## DATA RECORDS
────────────────────

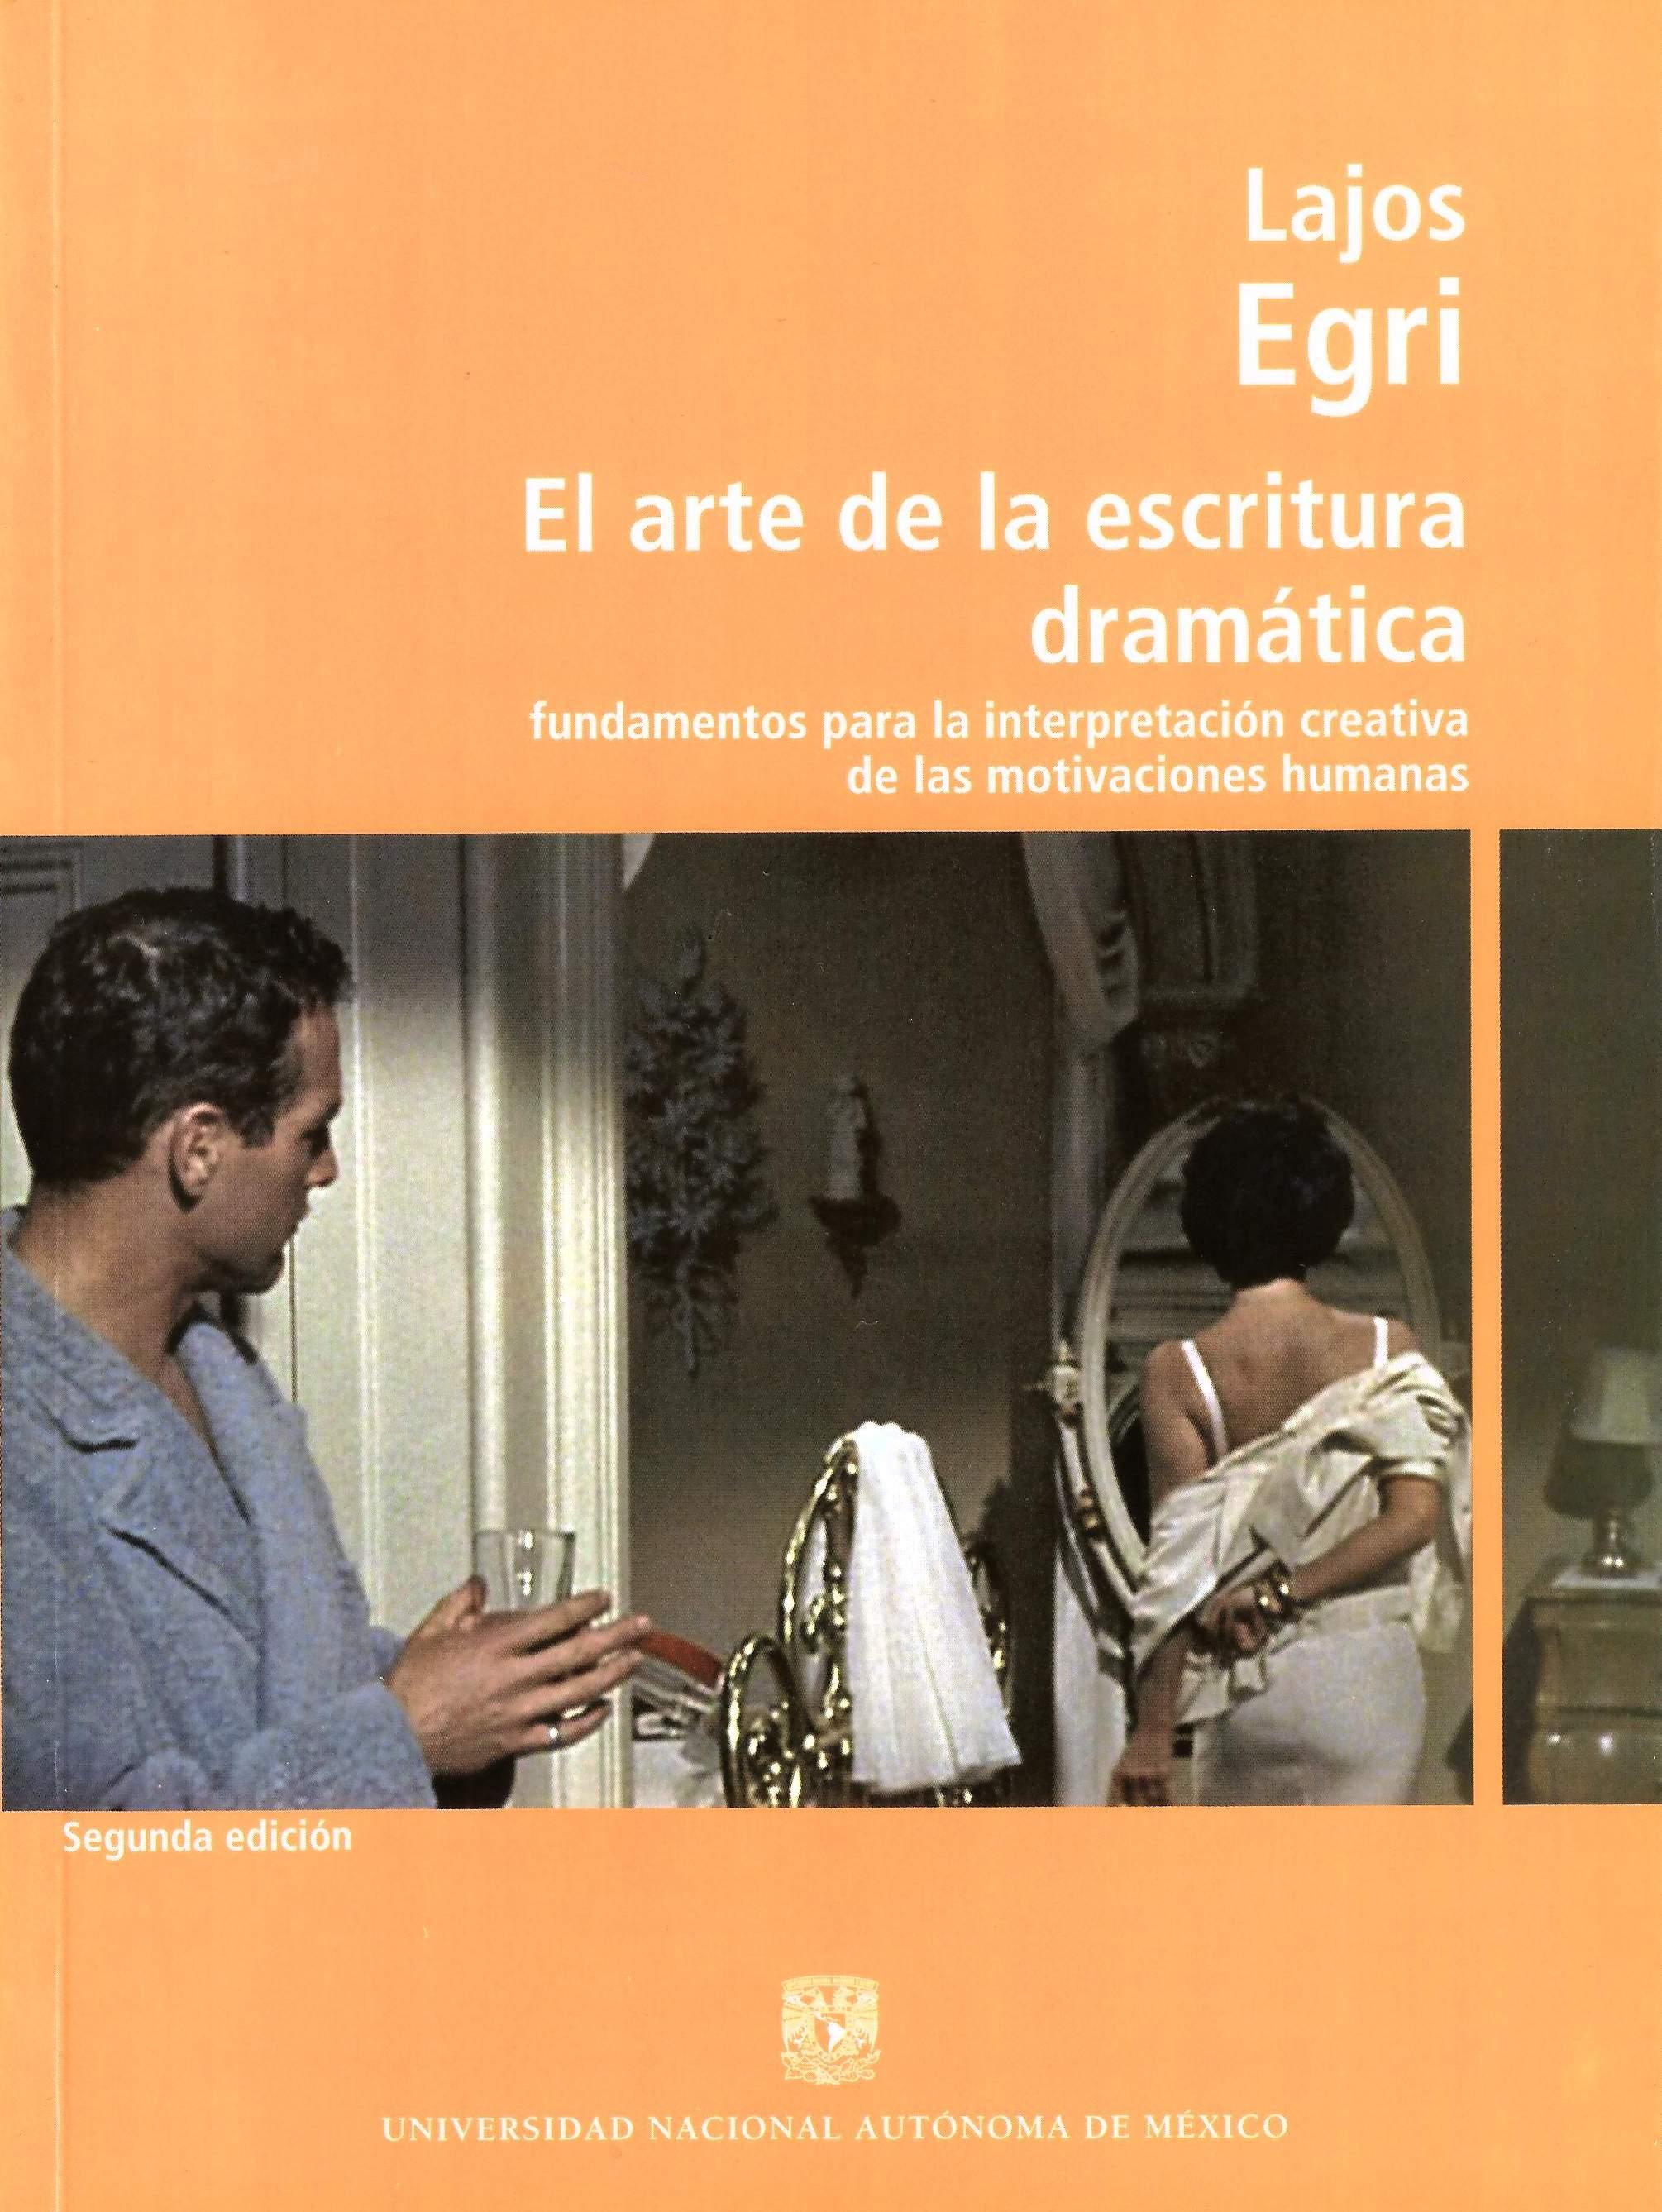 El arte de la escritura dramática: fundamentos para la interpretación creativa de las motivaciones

────────────────────

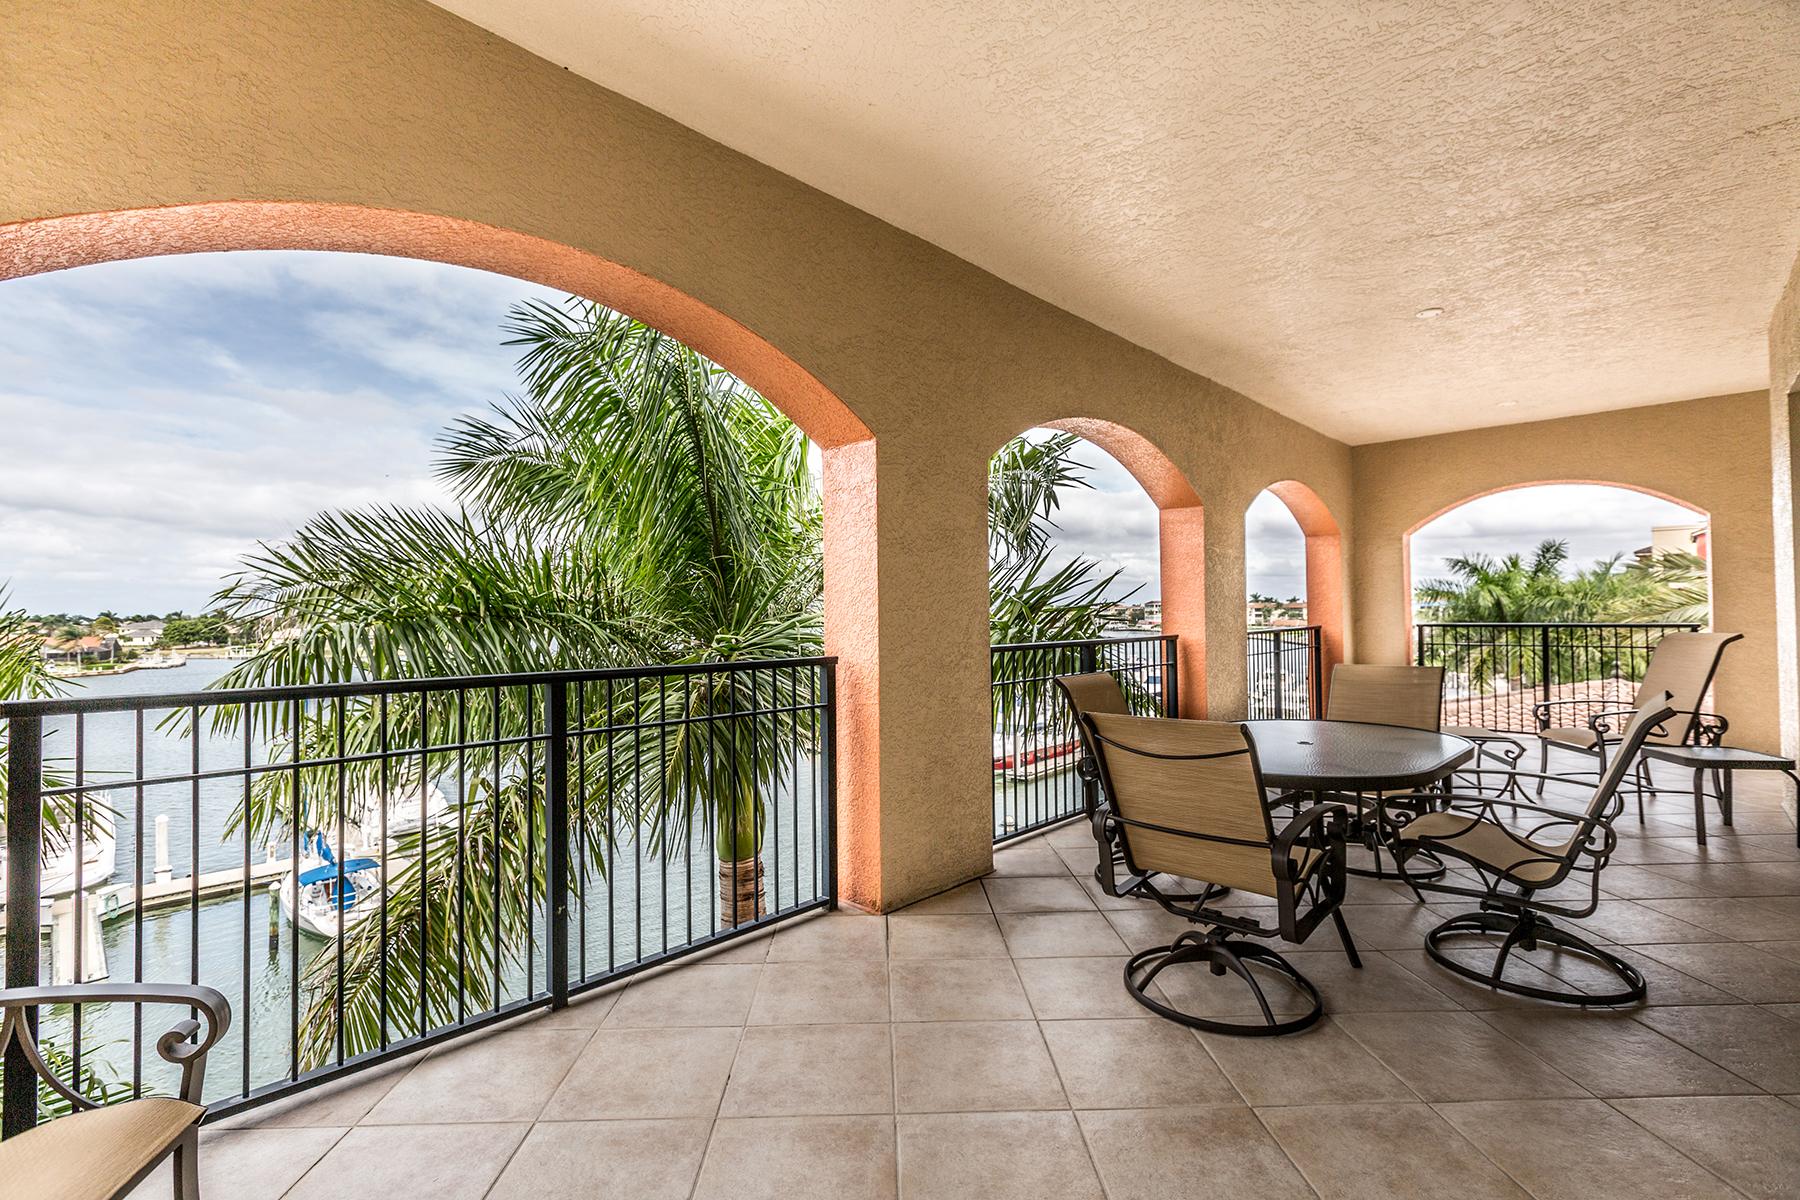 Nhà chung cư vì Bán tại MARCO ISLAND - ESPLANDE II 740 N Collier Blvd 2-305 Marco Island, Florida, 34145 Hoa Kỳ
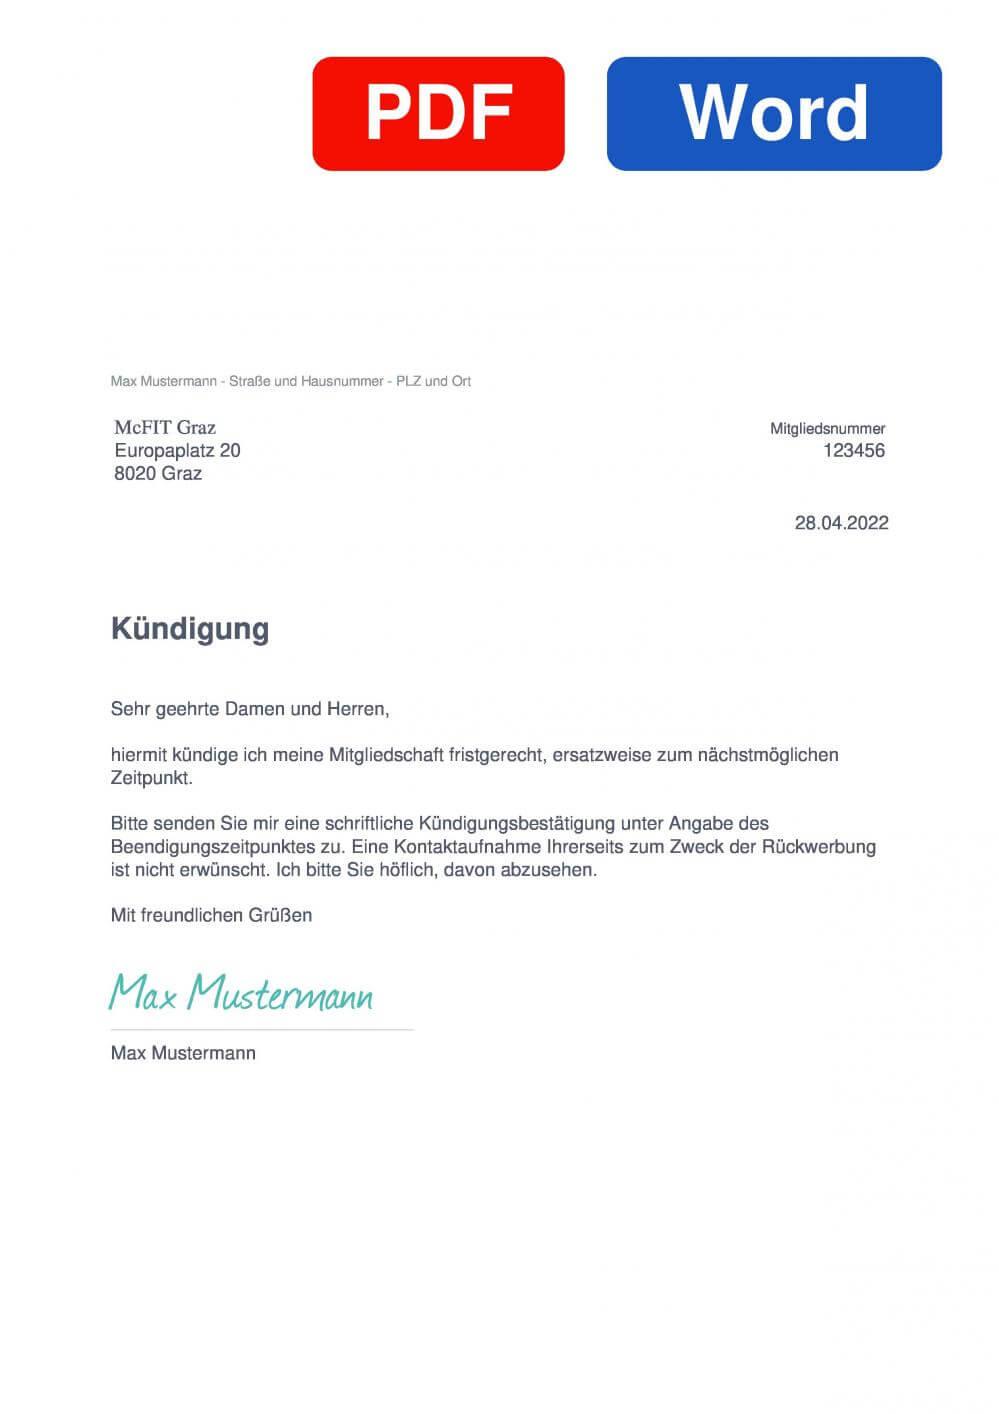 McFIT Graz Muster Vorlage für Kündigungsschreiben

────────────────────

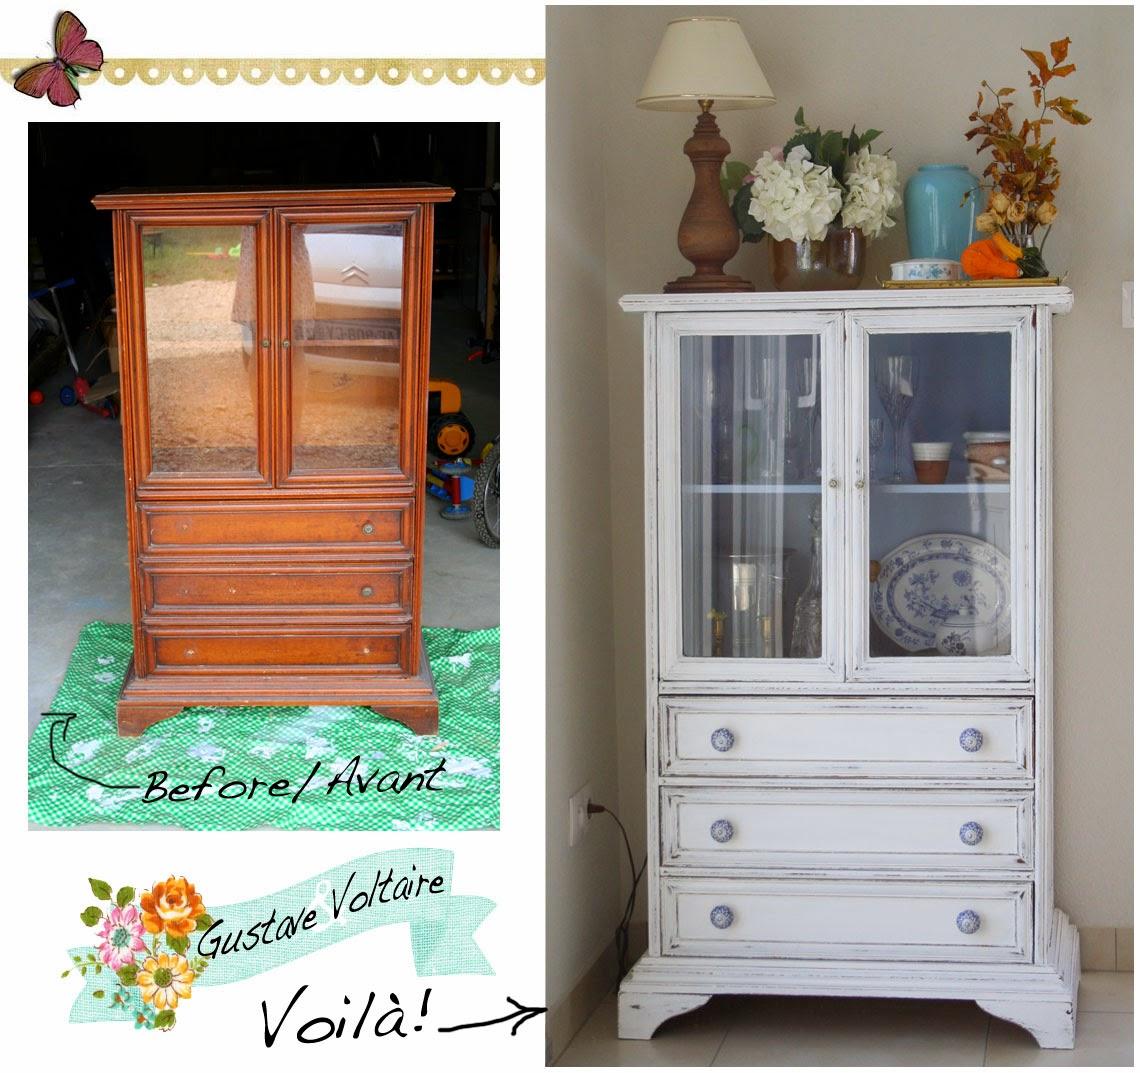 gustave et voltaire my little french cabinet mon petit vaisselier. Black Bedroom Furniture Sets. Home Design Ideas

────────────────────

Pictures excluded, reproduce only the part above that opens with the line holding "Nhà chung cư" and closes with the line holding "McFIT Graz Muster", exactly as written.

## TASK RESPONSE
 Nhà chung cư vì Bán tại MARCO ISLAND - ESPLANDE II 740 N Collier Blvd 2-305 Marco Island, Florida, 34145 Hoa Kỳ
 McFIT Graz Muster Vorlage für Kündigungsschreiben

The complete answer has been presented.